By Pavel Polityuk
KYIV (Reuters) -Ukraine on Wednesday accused Russia of exploiting its capture of a nuclear power plant to fire rockets from the site at a nearby town in an attack that killed at least 13 people and wounded many others.
The town Ukraine says Russia targeted - Marhanets - is one that Moscow has alleged its enemies have used in the past to shell Russian soldiers stationed at the Zaporizhzhia plant, which they seized in March.
Ukraine and Russia have accused each other of imperiling the plant - Europe's largest nuclear complex - with attacks nearby.
After the United Nations' atomic energy watchdog sounded the alarm over a potential nuclear disaster, the Group of Seven leading industrialised countries on Wednesday told Russia to hand back the plant to Ukraine.
There are no indications that their demand will sway Moscow, which on Wednesday received powerful endorsement of its rationale for the Feb. 24 invasion from China, which has been conducting military drills of unprecedented intensity around self-ruled Taiwan.
Beijing's ambassador to Moscow, Zhang Hanhui, accused Washington of backing Russia into a corner with repeated expansions of the western-led NATO military alliance and support for Ukraine's alignment with the European Union.
"As the initiator and main instigator of the Ukrainian crisis, Washington, while imposing unprecedented comprehensive sanctions on Russia, continues to supply arms and military equipment to Ukraine," Zhang was quoted as saying.
"Their ultimate goal is to exhaust and crush Russia with a protracted war and the cudgel of sanctions."
There was no immediate comment from Russia on the Ukrainian allegations of an attack on Marhanets and Reuters could not independently verify Kyiv's version.
Moscow says it does not deliberately target civilians in what it calls its "special military operation" in Ukraine aimed at preemptively safeguarding its security against NATO expansion.
Ukraine and the West accuse Moscow of waging an unprovoked imperial-style war of aggression.
New Russian Ground Force
Andriy Yermak, President Volodymyr Zelensky's chief of staff, said Russia was launching attacks with impunity from Zaporizhzhia knowing it was risky for Ukraine to fight back.
"Eighty reactive rockets fired at residential buildings," he wrote on social media. "The cowardly Russians can't do anything more so they strike towns ignobly hiding at the Zaporizhzhia atomic power station."
Ukraine says around 500 Russian troops with heavy vehicles and weapons are at the plant, where Ukrainian technicians continue to work.
Ukraine's state nuclear power firm has warned that containers with radioactive material might be shelled and said it is vital Kyiv retake the plant by winter. It accuses Russia of wanting to connect the facility to its power grid.

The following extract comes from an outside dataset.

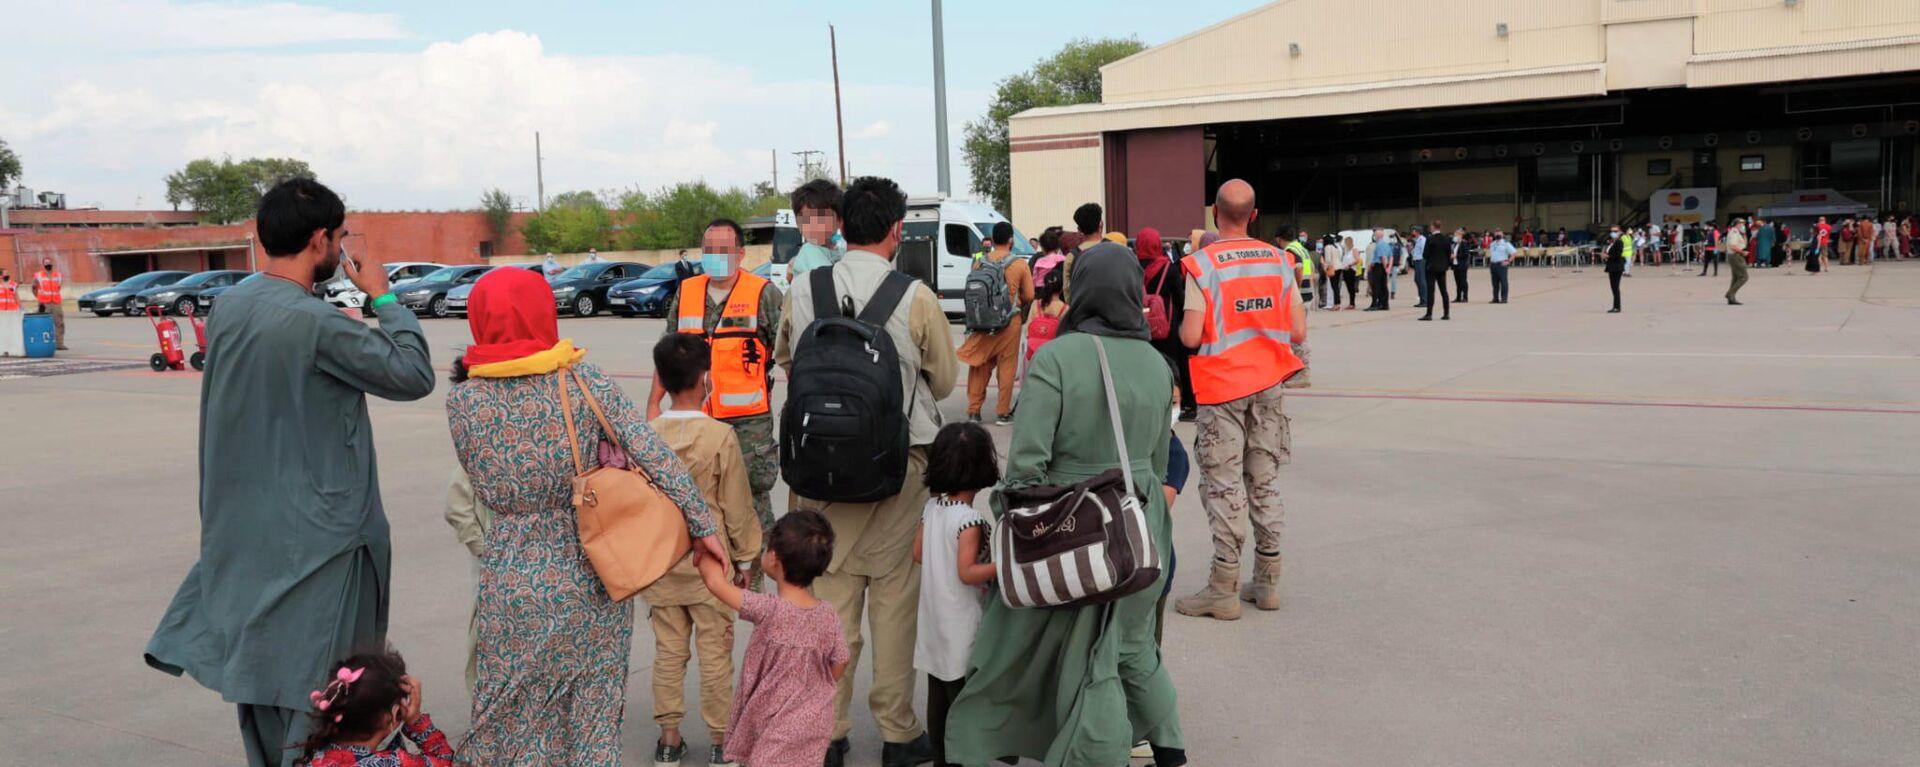 Un total de 292 personas evacuadas desde Afganistán llegan a la Base Aérea de Torrejón, a 25 de agosto de 2021, en Torrejón de Ardoz, Madrid (España) - Sputnik Mundo, 1920, 25.08.2021

Russia says its forces are behaving responsibly and ensuring the complex's safety.
Valentyn Reznychenko, governor of Ukraine's central Dnipropetrovsk region, said on Wednesday that the Russian attack on Marhanets was carried out with 80 Grad rockets.
More than 20 buildings had been damaged in the town on the other side of the Dnipro river from the power plant, he said.
Images supplied by Ukrainian officials showed the rubble-strewn corridor of a school with its windows blown out and a residential building pierced by a rocket.
Britain, which is helping Ukraine with arms, intelligence and training, said on Wednesday it believed Russia had "almost certainly" established a major new ground force to back its war.
The new 3rd Army Corps was based in the city of Mulino, east of Moscow, the British Defense Ministry said in an intelligence bulletin. However, Russia would struggle to build up the numbers needed and the new force is unlikely to sway the war, it added.
The origin of a series of explosions at a Russian air base in Russian-annexed Crimea on Tuesday remained contested: Moscow says ammunition stores detonated.
But two U.S. newspapers cited unnamed Ukrainian officials as saying that Ukrainian special forces had carried out an attack on the air base, destroying Russian military aircraft there.
Zelensky did not mention the blasts in his latest video address, but said it was right to focus on Crimea. "We will never give it up," he said.